Let’s load the library and try some examples.
require 'red_amber' # require 'red-amber' is also OK.
include RedAmber
Example: diamonds dataset
First do (if you do not installed) gem install red-datasets-arrow then
require 'datasets-arrow' # to load sample data
dataset = Datasets::Diamonds.new
diamonds = DataFrame.new(dataset) # from v0.2.2, should be `dataset.to_arrow` if older.
# =>
#<RedAmber::DataFrame : 53940 x 10 Vectors, 0x000000000000f668>
carat cut color clarity depth table price x ... z
<double> <string> <string> <string> <double> <double> <uint16> <double> ... <double>
0 0.23 Ideal E SI2 61.5 55.0 326 3.95 ... 2.43
1 0.21 Premium E SI1 59.8 61.0 326 3.89 ... 2.31
2 0.23 Good E VS1 56.9 65.0 327 4.05 ... 2.31
3 0.29 Premium I VS2 62.4 58.0 334 4.2 ... 2.63
4 0.31 Good J SI2 63.3 58.0 335 4.34 ... 2.75
: : : : : : : : : ... :
53937 0.7 Very Good D SI1 62.8 60.0 2757 5.66 ... 3.56
53938 0.86 Premium H SI2 61.0 58.0 2757 6.15 ... 3.74
53939 0.75 Ideal D SI2 62.2 55.0 2757 5.83 ... 3.64
For example, we can compute mean prices per cut for the data larger than 1 carat.
df = diamonds
.slice { carat > 1 }
.group(:cut)
.mean(:price) # `pick` prior to `group` is not required if `:price` is specified here.
.sort('-mean(price)')
# =>
#<RedAmber::DataFrame : 5 x 2 Vectors, 0x000000000000f67c>
cut mean(price)
<string> <double>
0 Ideal 8674.23
1 Premium 8487.25
2 Very Good 8340.55
3 Good 7753.6
4 Fair 7177.86
Arrow data is immutable, so these methods always return new objects. Next example will rename a column and create a new column by simple calcuration.
usdjpy = 110.0 # when the yen was stronger
df.rename('mean(price)': :mean_price_USD)
.assign(:mean_price_JPY) { mean_price_USD * usdjpy }
# =>
#<RedAmber::DataFrame : 5 x 3 Vectors, 0x000000000000f71c>
cut mean_price_USD mean_price_JPY
<string> <double> <double>
0 Ideal 8674.23 954164.93
1 Premium 8487.25 933597.34
2 Very Good 8340.55 917460.37
3 Good 7753.6 852896.11
4 Fair 7177.86 789564.12
Example: starwars dataset
Next example is starwars dataset reading from the downloaded CSV file.
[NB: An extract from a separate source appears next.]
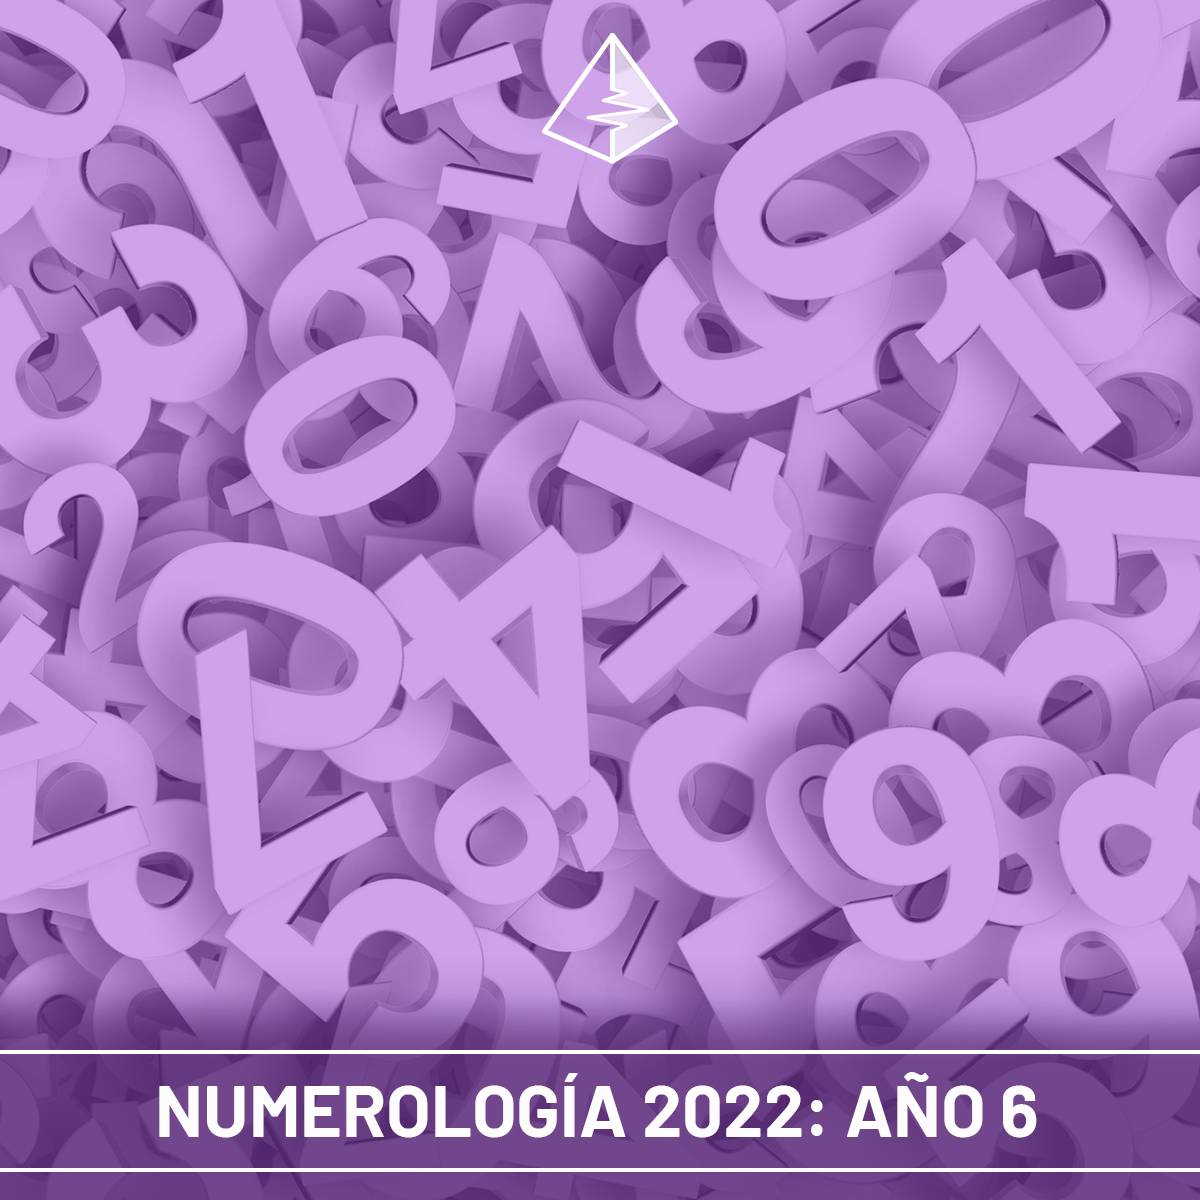 NUMEROLOGIA 2022

Followed by minimum data cleansing.
uri = URI('https://vincentarelbundock.github.io/Rdatasets/csv/dplyr/starwars.csv')
starwars = DataFrame.load(uri)
starwars
.drop(0) # delete unnecessary index column
.remove { species == "NA" } # delete unnecessary rows
.group(:species) { [count(:species), mean(:height, :mass)] }
.slice { count > 1 }
# =>
#<RedAmber::DataFrame : 8 x 4 Vectors, 0x000000000000f848>
species count mean(height) mean(mass)
<string> <int64> <double> <double>
0 Human 35 176.65 82.78
1 Droid 6 131.2 69.75
2 Wookiee 2 231.0 124.0
3 Gungan 3 208.67 74.0
4 Zabrak 2 173.0 80.0
5 Twi'lek 2 179.0 55.0
6 Mirialan 2 168.0 53.1
7 Kaminoan 2 221.0 88.0
See DataFrame.md for other examples and details.
Vector for 1D data object in column
Class RedAmber::Vector represents a series of data in the DataFrame.
See Vector.md for details.
Jupyter notebook
89 Examples of Red Amber (raw file) shows more examples in jupyter notebook.
You can try this notebook on Binder.
Development
git clone https://github.com/heronshoes/red_amber.git
cd red_amber
bundle install
bundle exec rake test
Community
I will appreciate if you could help to improve this project. Here are a few ways you can help:
-
Let’s talk in the discussions.
-
Browse Q and A, how to use, tips, etc.
-
Ask questions you’re wondering about.
-
Share ideas. The idea may be promoted to issues or pull requests.
-
Fix bugs and submit pull requests
-
Write, clarify, or fix documentation
License
The gem is available as open source under the terms of the MIT License.